About this exercise: Set out exactly every line of the entries below, starting at the line that holds "Micky und Minnie bei der Parade" and stopping after the line that holds "Winner Marino Vanhoenacker".

Data for this task:
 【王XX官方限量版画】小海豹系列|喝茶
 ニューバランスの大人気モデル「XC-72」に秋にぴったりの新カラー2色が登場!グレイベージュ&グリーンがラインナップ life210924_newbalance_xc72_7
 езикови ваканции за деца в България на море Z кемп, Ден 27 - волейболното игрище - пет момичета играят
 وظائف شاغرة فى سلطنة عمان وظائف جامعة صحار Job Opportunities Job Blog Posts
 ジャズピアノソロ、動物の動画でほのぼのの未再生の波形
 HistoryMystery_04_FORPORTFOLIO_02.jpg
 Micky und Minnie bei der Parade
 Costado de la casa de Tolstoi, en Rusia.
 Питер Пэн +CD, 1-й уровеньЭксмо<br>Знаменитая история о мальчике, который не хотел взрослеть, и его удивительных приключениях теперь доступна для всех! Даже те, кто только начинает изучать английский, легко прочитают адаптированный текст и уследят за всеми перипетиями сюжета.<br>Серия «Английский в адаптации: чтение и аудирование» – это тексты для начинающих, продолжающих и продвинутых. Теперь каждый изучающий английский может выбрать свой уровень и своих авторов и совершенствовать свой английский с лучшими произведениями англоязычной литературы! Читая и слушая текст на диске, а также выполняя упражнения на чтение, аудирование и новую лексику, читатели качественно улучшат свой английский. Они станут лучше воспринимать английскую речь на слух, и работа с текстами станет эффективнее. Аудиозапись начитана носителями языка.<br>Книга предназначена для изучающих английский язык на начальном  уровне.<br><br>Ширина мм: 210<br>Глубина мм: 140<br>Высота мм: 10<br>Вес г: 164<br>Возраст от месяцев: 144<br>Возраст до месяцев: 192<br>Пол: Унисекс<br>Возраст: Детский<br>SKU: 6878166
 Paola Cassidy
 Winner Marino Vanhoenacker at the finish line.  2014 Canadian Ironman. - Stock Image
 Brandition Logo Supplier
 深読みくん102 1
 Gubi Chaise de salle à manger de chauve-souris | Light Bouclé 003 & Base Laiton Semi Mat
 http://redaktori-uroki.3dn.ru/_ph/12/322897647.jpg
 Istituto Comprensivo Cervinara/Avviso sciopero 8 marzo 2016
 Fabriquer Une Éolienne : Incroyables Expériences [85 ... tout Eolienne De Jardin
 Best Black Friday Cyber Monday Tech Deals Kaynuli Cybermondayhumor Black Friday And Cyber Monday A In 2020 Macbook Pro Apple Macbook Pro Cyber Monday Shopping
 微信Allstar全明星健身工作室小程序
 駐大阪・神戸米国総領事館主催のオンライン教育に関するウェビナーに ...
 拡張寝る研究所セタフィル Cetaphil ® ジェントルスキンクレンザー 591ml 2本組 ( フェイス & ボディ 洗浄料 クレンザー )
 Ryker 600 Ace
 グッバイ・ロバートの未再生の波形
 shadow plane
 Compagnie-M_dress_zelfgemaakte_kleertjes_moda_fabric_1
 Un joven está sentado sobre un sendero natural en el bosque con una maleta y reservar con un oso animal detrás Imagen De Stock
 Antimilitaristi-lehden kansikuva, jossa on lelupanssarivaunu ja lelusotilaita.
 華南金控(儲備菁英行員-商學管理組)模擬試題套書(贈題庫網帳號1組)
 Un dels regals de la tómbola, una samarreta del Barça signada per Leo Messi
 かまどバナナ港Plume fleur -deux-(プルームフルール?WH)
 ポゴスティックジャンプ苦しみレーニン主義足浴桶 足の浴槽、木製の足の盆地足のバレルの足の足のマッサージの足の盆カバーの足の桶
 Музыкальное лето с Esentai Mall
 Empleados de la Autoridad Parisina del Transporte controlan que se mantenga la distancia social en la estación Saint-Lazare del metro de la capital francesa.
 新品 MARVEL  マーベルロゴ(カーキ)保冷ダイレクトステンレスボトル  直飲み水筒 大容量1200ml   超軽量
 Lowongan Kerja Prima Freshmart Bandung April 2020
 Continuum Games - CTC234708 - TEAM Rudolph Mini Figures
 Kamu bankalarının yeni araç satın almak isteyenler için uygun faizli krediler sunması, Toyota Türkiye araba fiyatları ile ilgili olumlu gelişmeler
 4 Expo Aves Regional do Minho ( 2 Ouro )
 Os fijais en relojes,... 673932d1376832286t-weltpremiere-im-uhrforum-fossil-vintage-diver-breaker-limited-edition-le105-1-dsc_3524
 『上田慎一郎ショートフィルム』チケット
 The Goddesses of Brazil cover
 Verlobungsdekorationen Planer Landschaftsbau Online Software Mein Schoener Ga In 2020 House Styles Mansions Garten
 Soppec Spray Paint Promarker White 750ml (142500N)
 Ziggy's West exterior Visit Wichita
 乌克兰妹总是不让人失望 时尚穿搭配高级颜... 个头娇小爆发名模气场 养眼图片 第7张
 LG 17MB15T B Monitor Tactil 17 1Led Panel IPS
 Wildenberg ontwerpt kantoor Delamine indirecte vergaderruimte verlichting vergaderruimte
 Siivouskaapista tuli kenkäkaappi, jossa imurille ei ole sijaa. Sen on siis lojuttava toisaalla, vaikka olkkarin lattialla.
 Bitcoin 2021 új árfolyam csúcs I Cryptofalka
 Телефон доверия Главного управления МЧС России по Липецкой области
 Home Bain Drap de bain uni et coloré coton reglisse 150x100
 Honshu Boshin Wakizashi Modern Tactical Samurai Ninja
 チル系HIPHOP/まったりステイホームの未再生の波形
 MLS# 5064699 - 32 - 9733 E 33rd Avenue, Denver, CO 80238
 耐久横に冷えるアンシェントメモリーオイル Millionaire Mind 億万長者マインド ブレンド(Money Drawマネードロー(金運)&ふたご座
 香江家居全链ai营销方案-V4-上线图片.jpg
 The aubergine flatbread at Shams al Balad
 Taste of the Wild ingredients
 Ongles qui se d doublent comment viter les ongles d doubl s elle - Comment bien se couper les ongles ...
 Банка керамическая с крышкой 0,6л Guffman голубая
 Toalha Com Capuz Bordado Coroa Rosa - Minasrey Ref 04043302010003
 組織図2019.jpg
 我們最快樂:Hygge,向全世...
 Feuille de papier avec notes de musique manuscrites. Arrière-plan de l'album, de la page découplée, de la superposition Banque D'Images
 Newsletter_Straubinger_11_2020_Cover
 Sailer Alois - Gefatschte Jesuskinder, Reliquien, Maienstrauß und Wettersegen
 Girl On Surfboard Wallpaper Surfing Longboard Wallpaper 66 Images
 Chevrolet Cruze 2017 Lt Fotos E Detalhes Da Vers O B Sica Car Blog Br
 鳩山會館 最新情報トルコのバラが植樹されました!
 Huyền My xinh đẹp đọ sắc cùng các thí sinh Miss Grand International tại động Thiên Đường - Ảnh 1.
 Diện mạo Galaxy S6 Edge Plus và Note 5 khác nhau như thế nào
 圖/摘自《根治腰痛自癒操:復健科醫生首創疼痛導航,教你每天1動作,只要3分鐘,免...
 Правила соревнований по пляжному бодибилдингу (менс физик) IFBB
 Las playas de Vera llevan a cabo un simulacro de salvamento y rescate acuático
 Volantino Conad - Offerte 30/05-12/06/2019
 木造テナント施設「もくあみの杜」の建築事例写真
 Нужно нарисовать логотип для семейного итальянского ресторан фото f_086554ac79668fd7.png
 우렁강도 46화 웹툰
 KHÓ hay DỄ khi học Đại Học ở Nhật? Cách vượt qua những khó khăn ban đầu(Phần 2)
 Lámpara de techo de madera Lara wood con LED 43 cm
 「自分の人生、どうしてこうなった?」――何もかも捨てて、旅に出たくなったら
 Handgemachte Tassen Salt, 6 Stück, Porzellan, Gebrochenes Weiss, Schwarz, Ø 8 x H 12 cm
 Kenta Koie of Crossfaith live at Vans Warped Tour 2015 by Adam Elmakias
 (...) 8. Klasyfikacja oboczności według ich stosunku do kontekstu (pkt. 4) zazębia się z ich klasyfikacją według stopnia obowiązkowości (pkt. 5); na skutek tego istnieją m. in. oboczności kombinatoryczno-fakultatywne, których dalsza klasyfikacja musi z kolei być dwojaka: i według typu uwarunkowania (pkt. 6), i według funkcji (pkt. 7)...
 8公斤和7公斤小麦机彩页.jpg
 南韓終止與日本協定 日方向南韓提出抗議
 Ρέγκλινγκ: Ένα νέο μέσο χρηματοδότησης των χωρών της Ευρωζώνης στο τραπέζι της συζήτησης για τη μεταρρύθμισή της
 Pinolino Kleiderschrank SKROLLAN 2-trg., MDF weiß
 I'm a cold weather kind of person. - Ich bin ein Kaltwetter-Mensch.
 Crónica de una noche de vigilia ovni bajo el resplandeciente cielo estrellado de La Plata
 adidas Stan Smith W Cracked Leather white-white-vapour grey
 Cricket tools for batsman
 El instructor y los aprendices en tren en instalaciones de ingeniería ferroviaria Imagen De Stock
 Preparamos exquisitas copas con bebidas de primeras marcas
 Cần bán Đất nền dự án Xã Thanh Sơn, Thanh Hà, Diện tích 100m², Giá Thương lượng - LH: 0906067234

The completed task:
 Micky und Minnie bei der Parade
 Costado de la casa de Tolstoi, en Rusia.
 Питер Пэн +CD, 1-й уровеньЭксмо<br>Знаменитая история о мальчике, который не хотел взрослеть, и его удивительных приключениях теперь доступна для всех! Даже те, кто только начинает изучать английский, легко прочитают адаптированный текст и уследят за всеми перипетиями сюжета.<br>Серия «Английский в адаптации: чтение и аудирование» – это тексты для начинающих, продолжающих и продвинутых. Теперь каждый изучающий английский может выбрать свой уровень и своих авторов и совершенствовать свой английский с лучшими произведениями англоязычной литературы! Читая и слушая текст на диске, а также выполняя упражнения на чтение, аудирование и новую лексику, читатели качественно улучшат свой английский. Они станут лучше воспринимать английскую речь на слух, и работа с текстами станет эффективнее. Аудиозапись начитана носителями языка.<br>Книга предназначена для изучающих английский язык на начальном  уровне.<br><br>Ширина мм: 210<br>Глубина мм: 140<br>Высота мм: 10<br>Вес г: 164<br>Возраст от месяцев: 144<br>Возраст до месяцев: 192<br>Пол: Унисекс<br>Возраст: Детский<br>SKU: 6878166
 Paola Cassidy
 Winner Marino Vanhoenacker at the finish line.  2014 Canadian Ironman. - Stock Image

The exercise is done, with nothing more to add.